* [PROVIDED DATA]

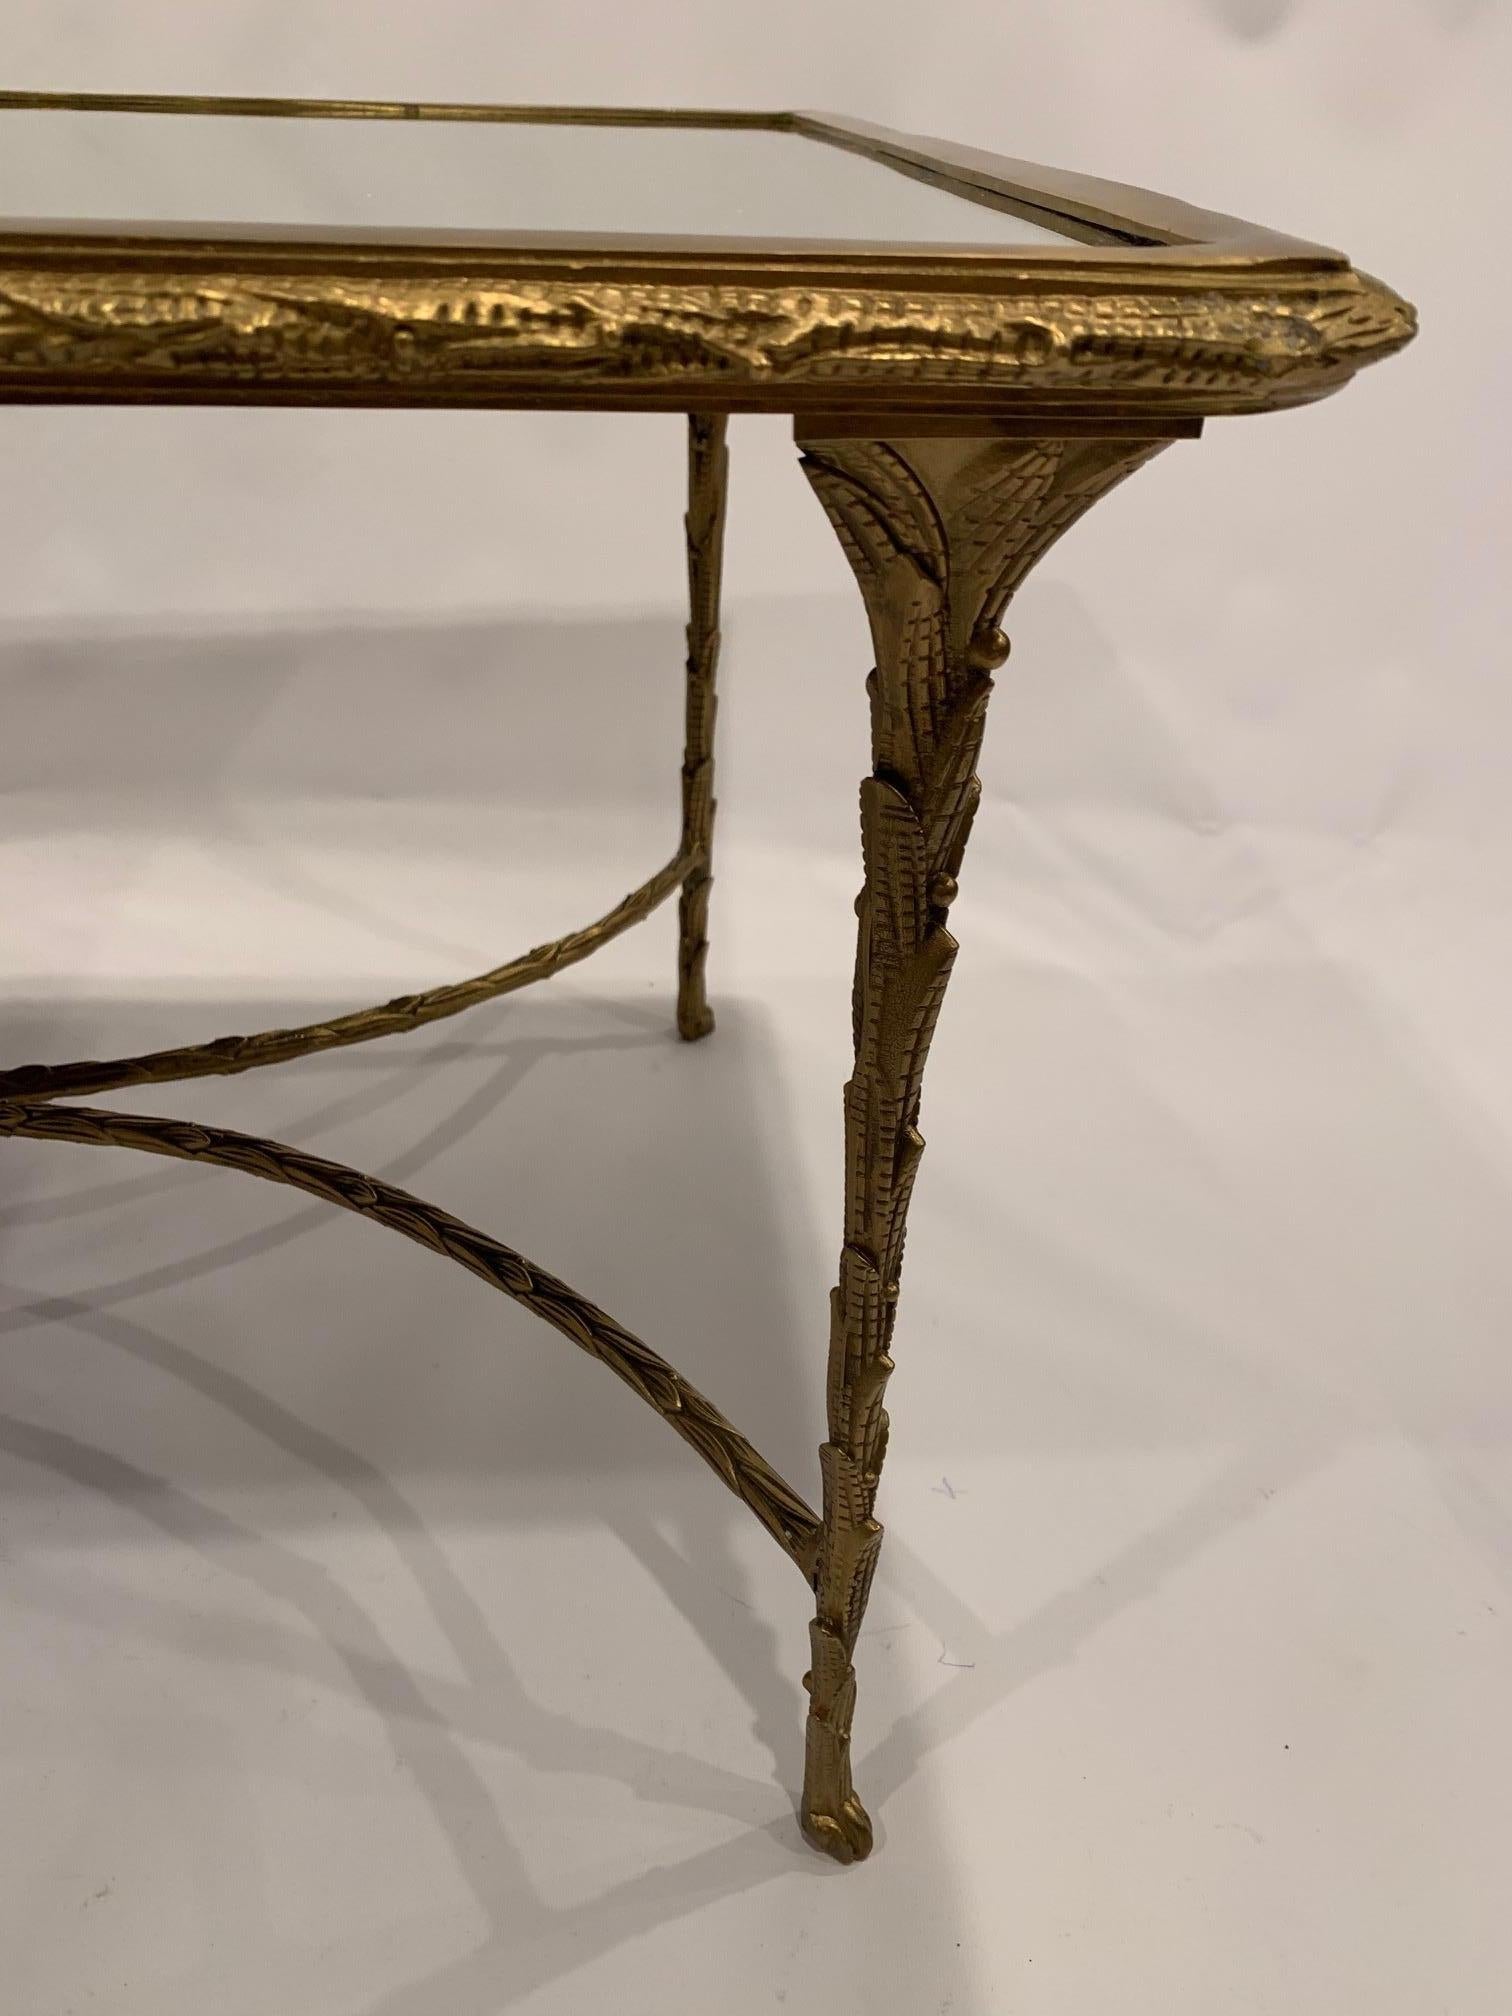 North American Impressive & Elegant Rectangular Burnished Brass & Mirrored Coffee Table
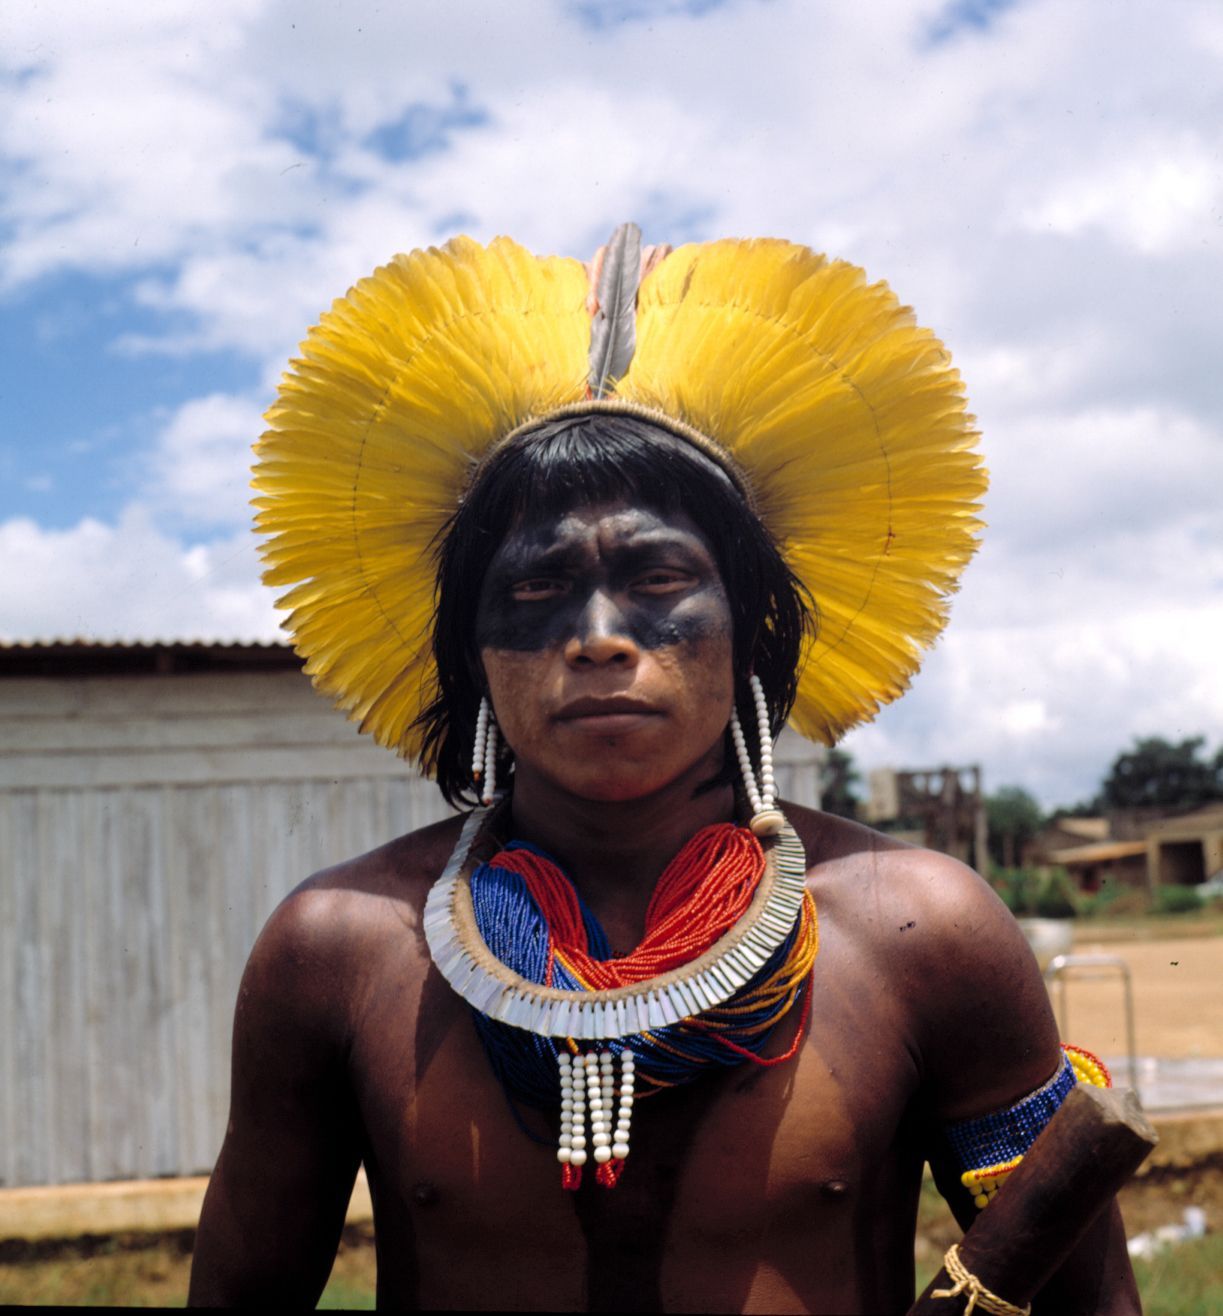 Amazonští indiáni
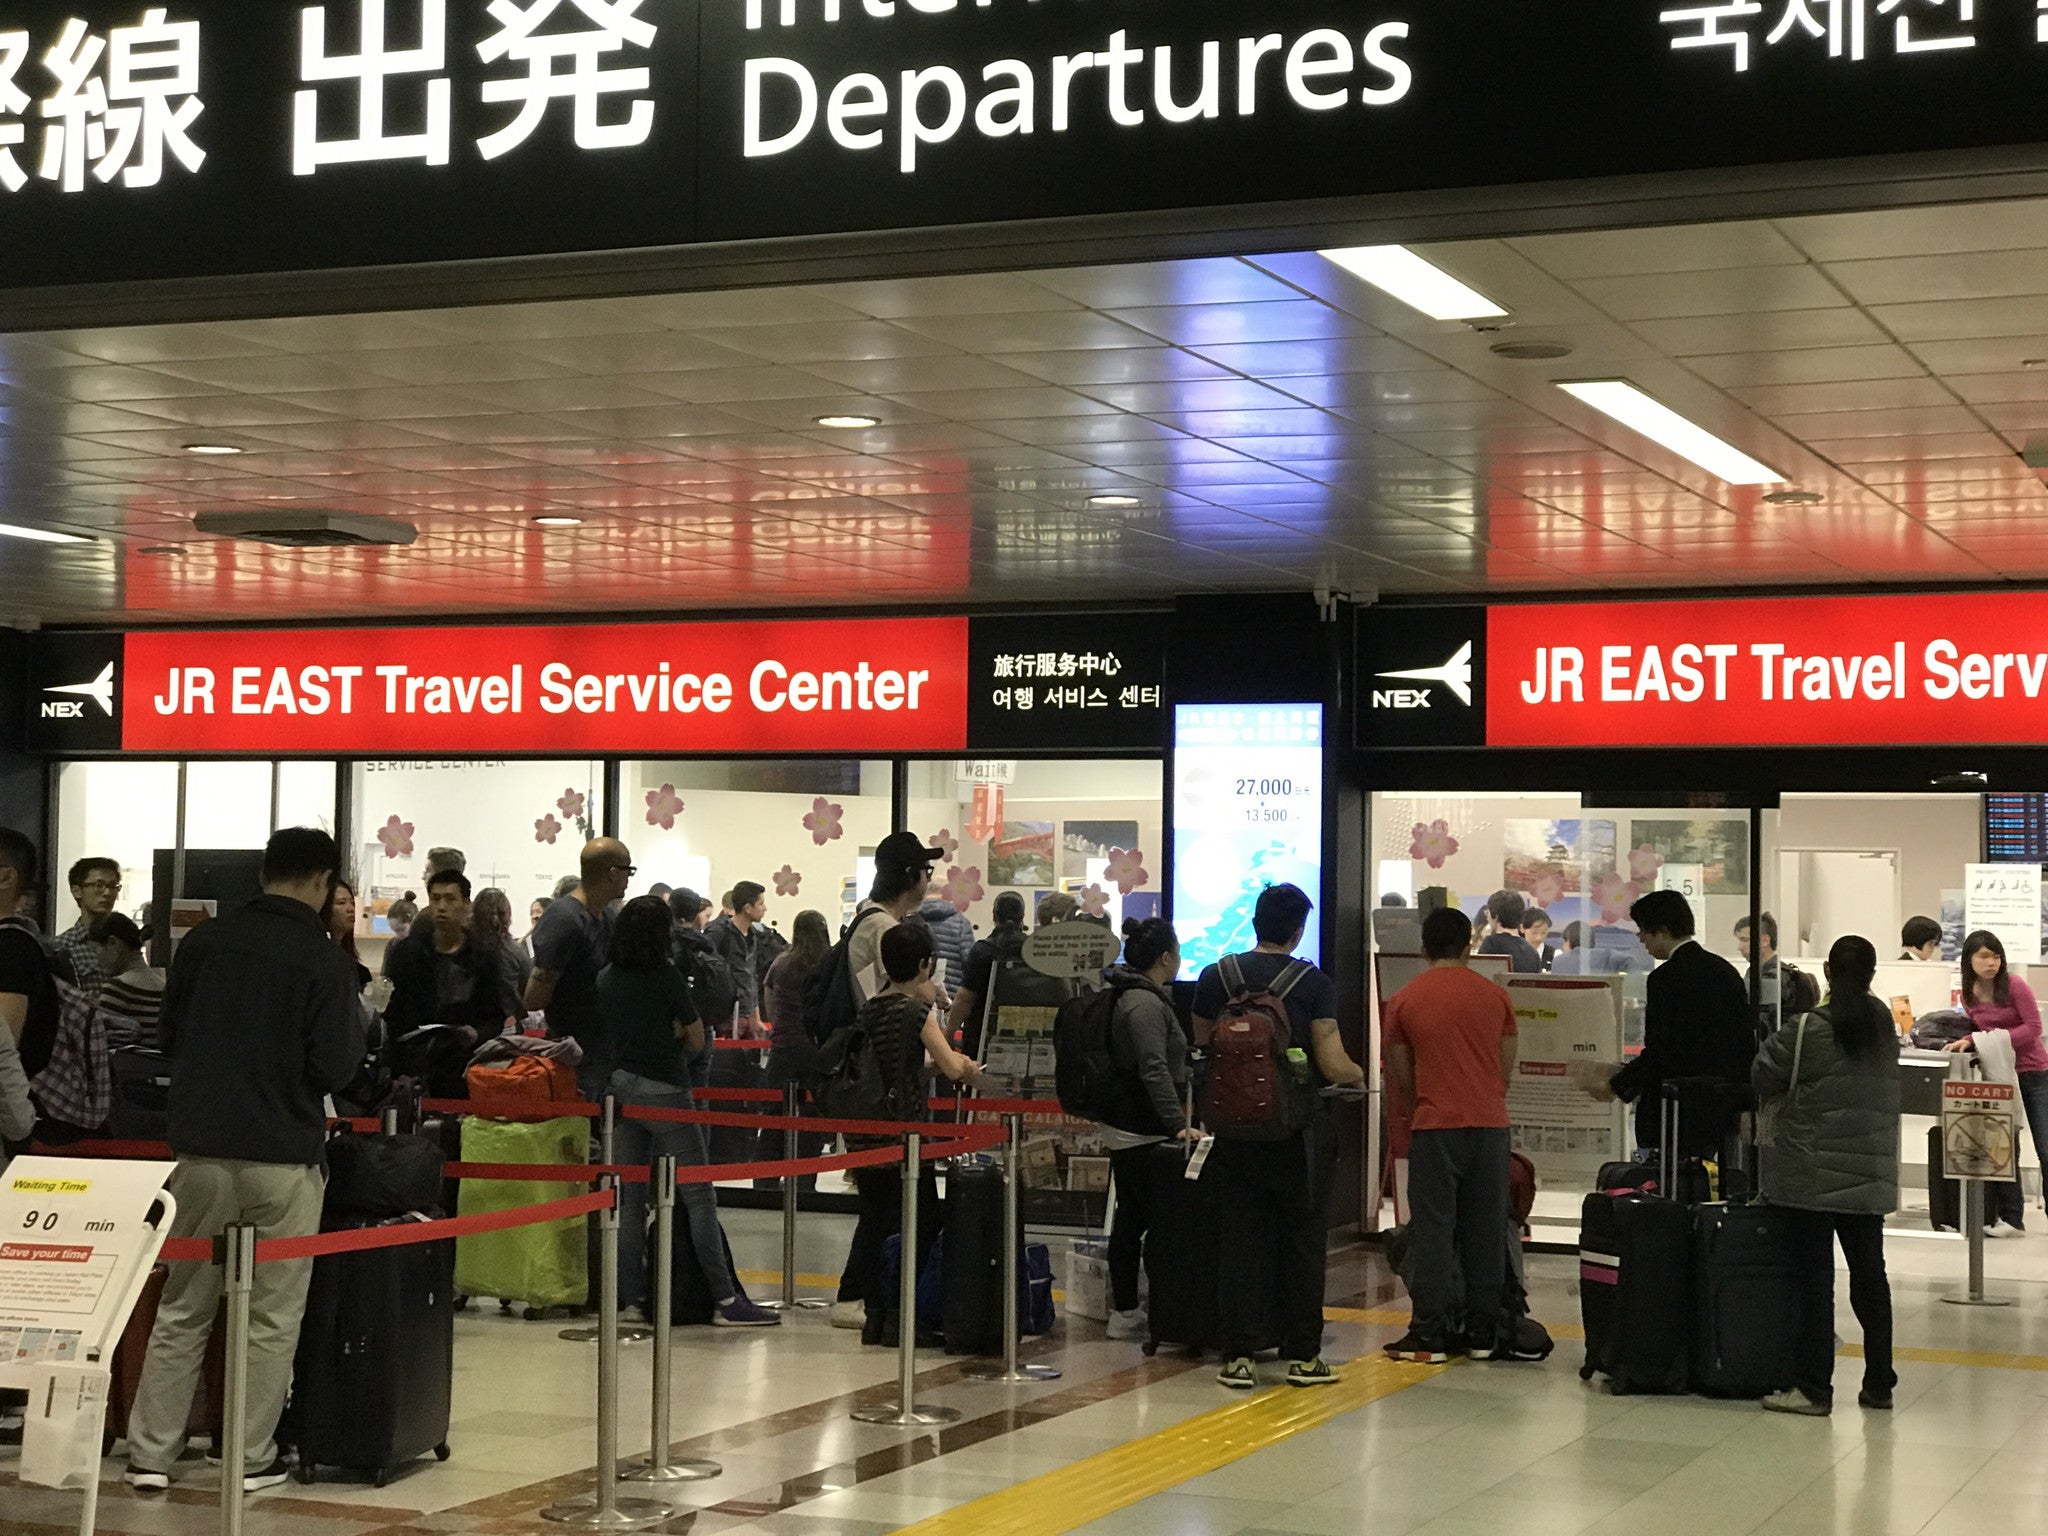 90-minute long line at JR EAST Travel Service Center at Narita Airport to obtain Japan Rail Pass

* [WHAT TO DO] The full listing above, duplicated exactly and without its pictures, is the answer.

* [COMPLETED TASK]
 North American Impressive & Elegant Rectangular Burnished Brass & Mirrored Coffee Table
 Amazonští indiáni
 90-minute long line at JR EAST Travel Service Center at Narita Airport to obtain Japan Rail Pass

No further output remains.